Adam W. Greenway, President of Southwestern Baptist Theological Seminary in Fort Worth, echoed these sentiments writing, “As president of @SWBTS, I want to be clear that we condemn in the strongest possible form any and all ideologies of racial/ethnic superiority/inferiority that fuel the kind of hate evidently motivating the #ElPaso shooter to commit such a horrific act of violence in our state.”

Some leaders offered their condolences and petitioned for prayer.

Franklin Graham, in a press release for the Billy Graham Rapid Response Team (RRT), asked people to join him in prayer. Graham wrote, “Please join me in praying for the grieving families whose loved ones were killed today and for the nearly two dozen more who are injured and being treated in nearby hospitals. Even the youngest of children were not spared from this senseless evil. Unbelievably, all at a local Walmart. I join with Governor Greg Abbott who said, ‘We ask God to bind up the wounds of all who’ve been harmed.’” 

Pastor and author Eugene Cho tweeted, “Heartbroken...again. We pray & grieve for all who've been impacted by the shooting in El Paso, Texas. It's tragic that violence & mass shootings in America seem normal. It's not normal. It's insane. We can't keep going on like this. When will we change our ways? How long, O Lord?”

J.D. Greear, president of the SBC and pastor of The Summit Church voiced his grief writing, “In the face of such tragic loss of life, we weep with those who are now weeping. And we plead with God for healing. Maranatha!”

Dr. Tony Evans, a pastor and author in Dallas, tweeted, “Praying for all in El Paso and Ohio. Join me in praying for peace and healing.”

A few leaders also acknowledged the spiritual issues underlying gun violence. 

Greg Laurie – pastor, evangelist and author – said, “29 dead in two mass shootings in America in 24 hours. What on earth is happening? Pundits will make this political, each blaming the other side’s ideology. But something bigger is happening here. It’s called evil and it’s motivated by Satan himself. This is a spiritual battle.” 

“‘The Lord reigns’ (Psalm 97:1). We need that hope. And in Christ, we have that audacious hope towering over all the disheartening madness of this world. Now let’s go serve our suffering world today, in His name,” Laurie concluded. 

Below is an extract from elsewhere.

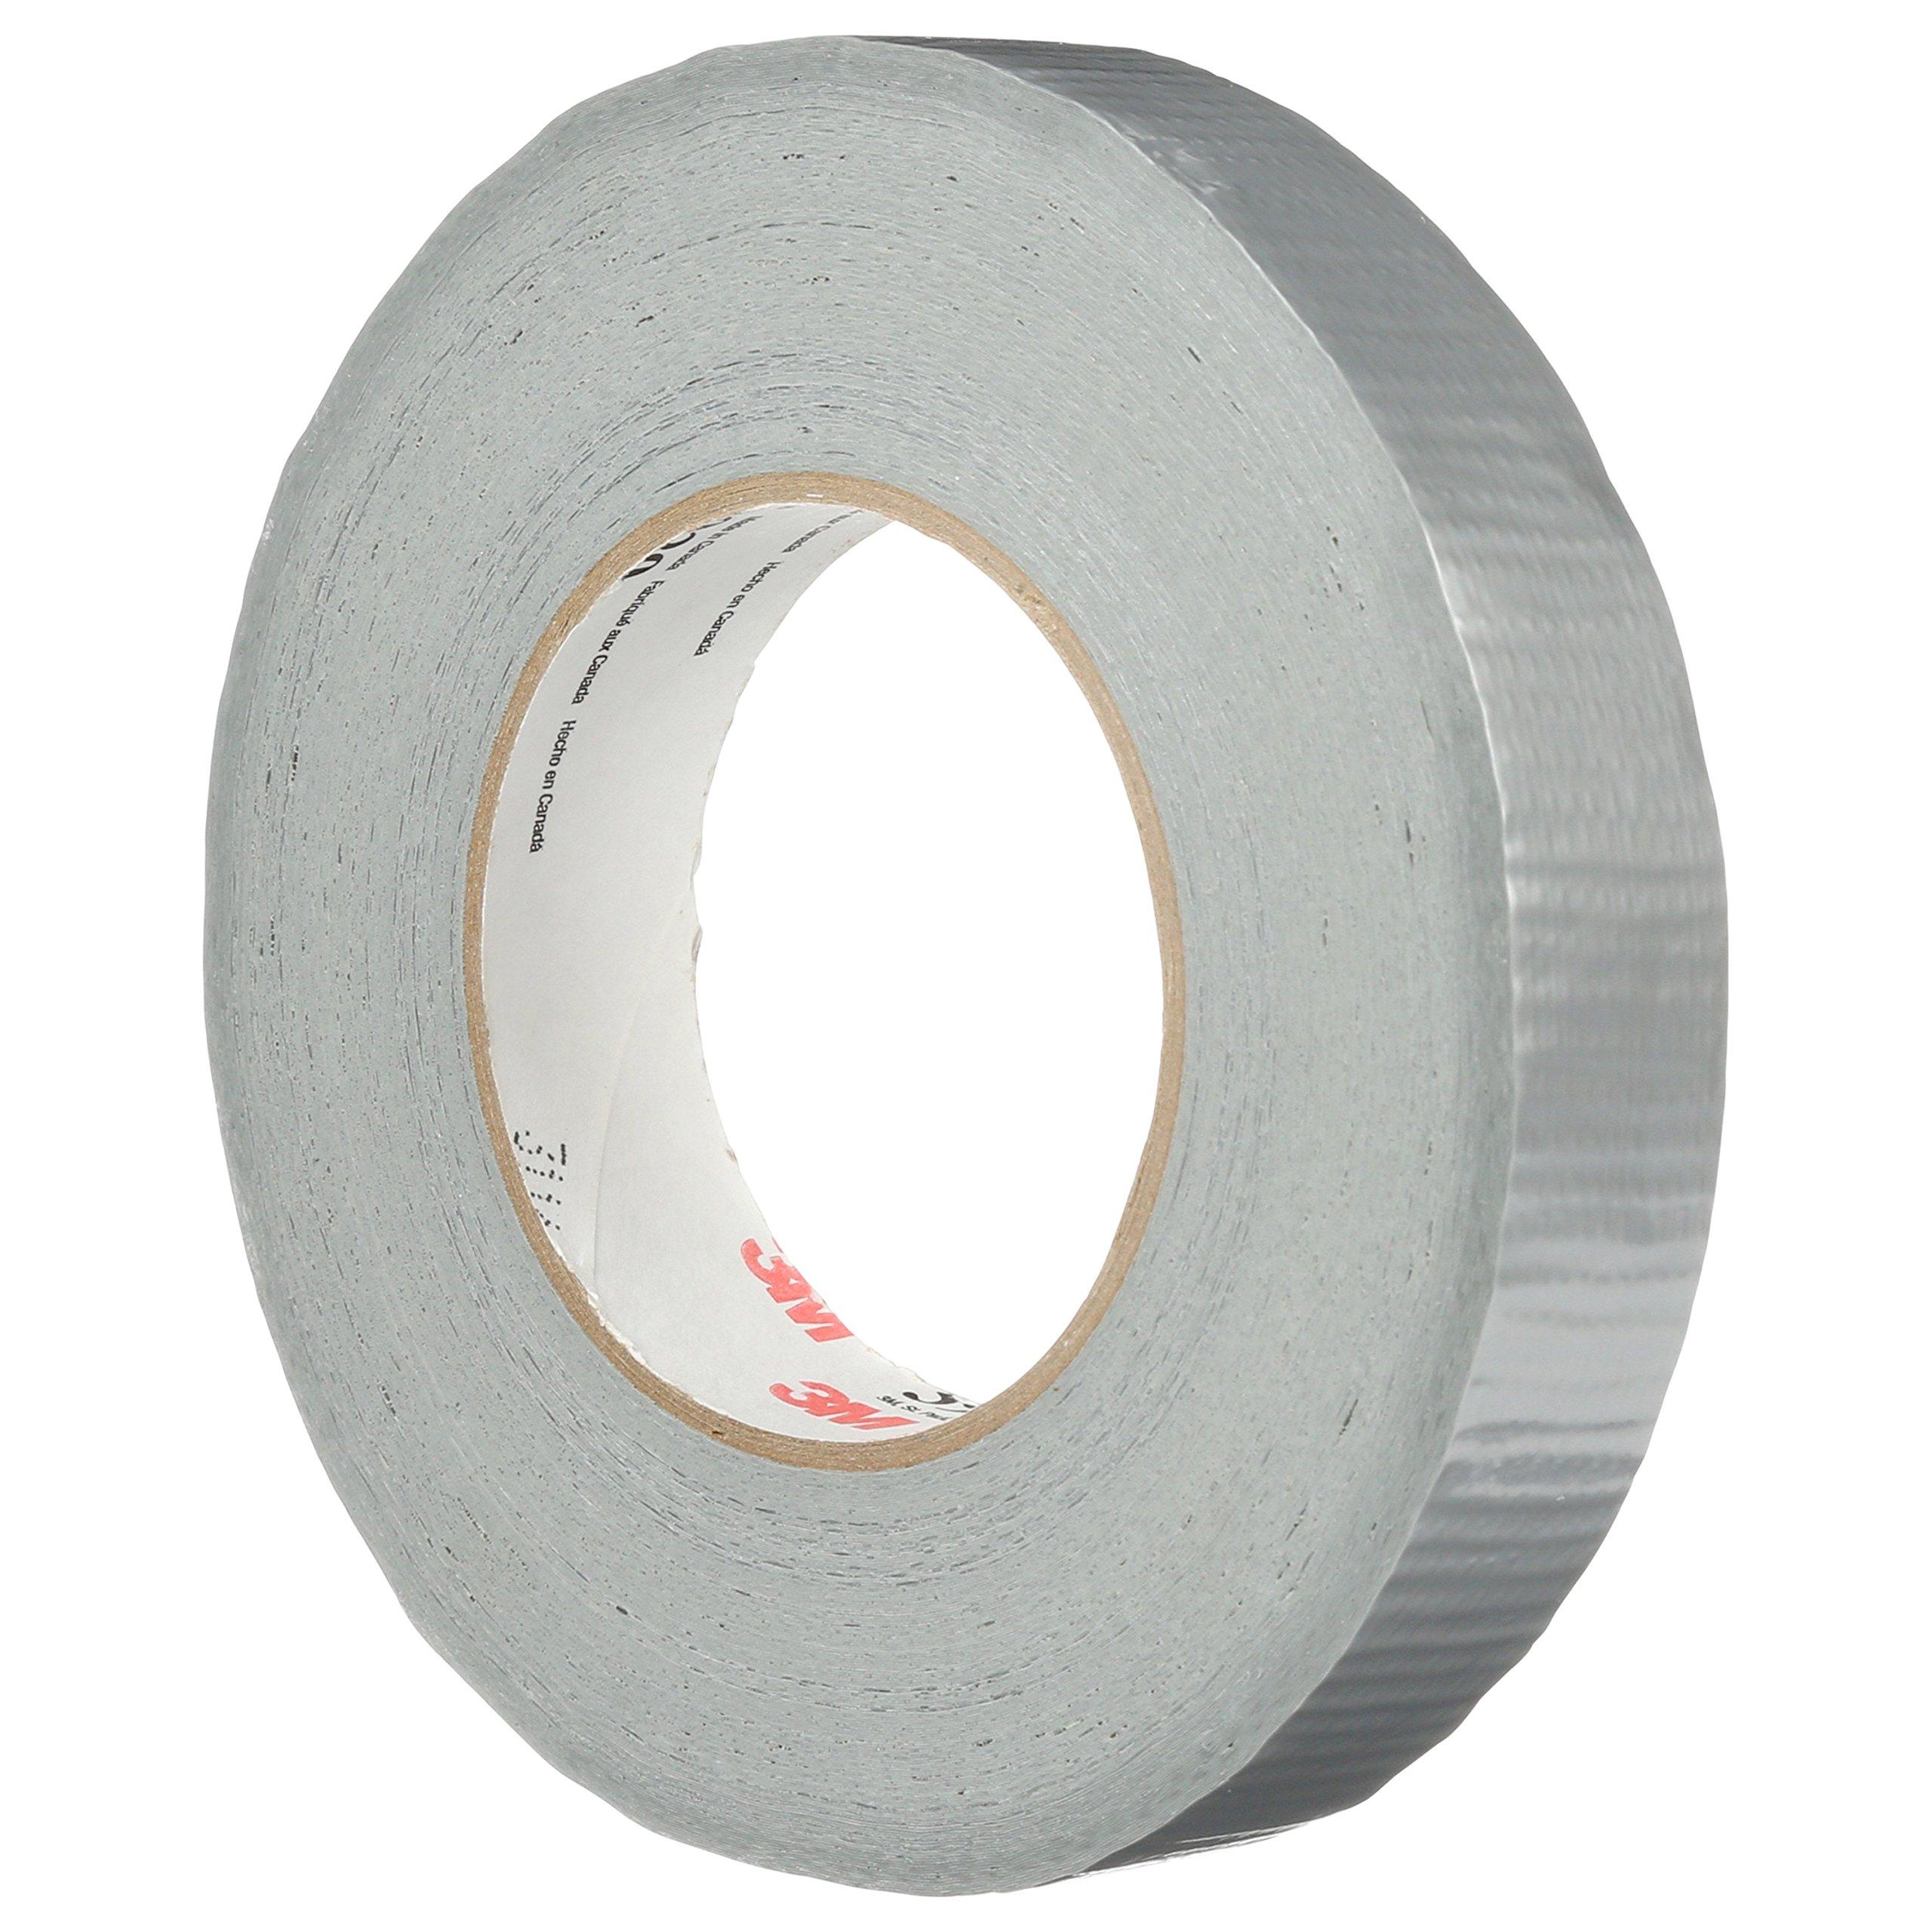 3M Heavy Duty Duct Tape 3939 Silver, 24 mm x 54.8 m 9.0 mil (Case of 36)
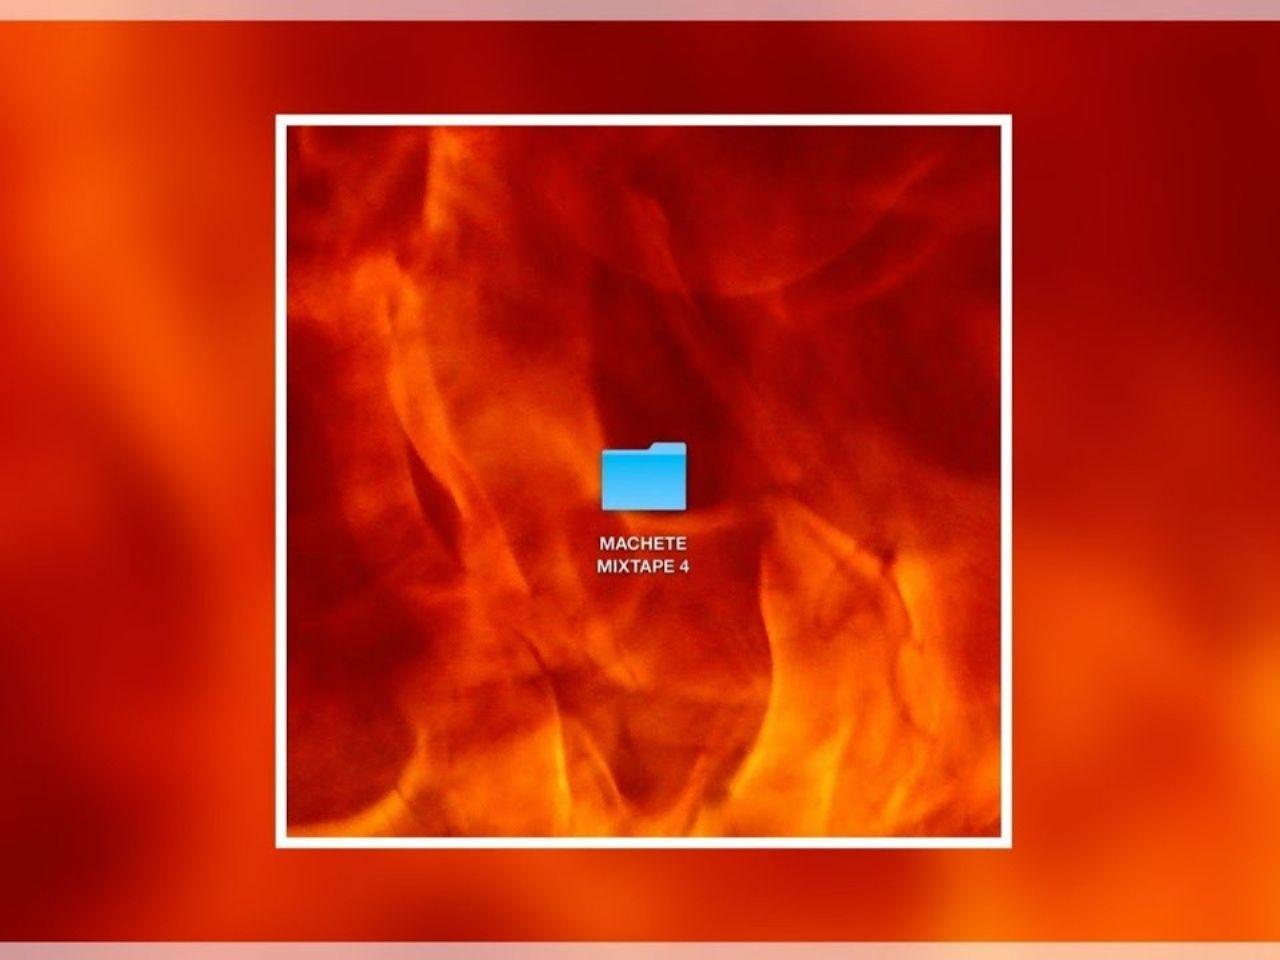 Machete Mixtape 4, la saga continua - Radio Bicocca

Ray Ortlund pastor and author tweeted, “Mass murder is not a ‘tragedy.’ A cyclone or an earthquake or a tornado that takes lives is a tragedy. But mass murder is evil. And if motivated by racism, it is evil compounded.”

Eric Metaxas spurred on believers to turn from evil and instead to Christ.

“The spirit of mass-murder is the spirit of anti-Christ. Instead of pointing fingers at each other & sharing in that foul spirit, let us turn to God in repentance. Can it be that He has allowed this evil so that we will return to Him in prayer & repentance? #jesus #severemercy,” he wrote

And, Anne Lamott, a Christian author, infused the situation with hope for the future in her tweets.

She wrote, “There is no meaning in the massacres—yet. But I’ll tell my Sunday School kids this morning that there will be, and it will be our belief that Goodness is sovereign here, no matter how ghastly things look. The animating love we have for each other for the poor, and the crushed.

We see Christ crucified today, in the agony, the ongoing tragedies of being human. We can’t pretend that this is anything other than insane, evil. But it’s not the end of the story. We’ll march soon. Today, we do what we can: we try to be good & kind to one another, and the poor.”

As Christian Headlines previously reported, two mass shootings took place over the weekend. On Saturday morning in El Paso, Texas a gunman opened fire killing 20 people and injuring 26. In the early morning hours of the next day, another gunman opened fire outside of a bar killing nine people and injuring 27.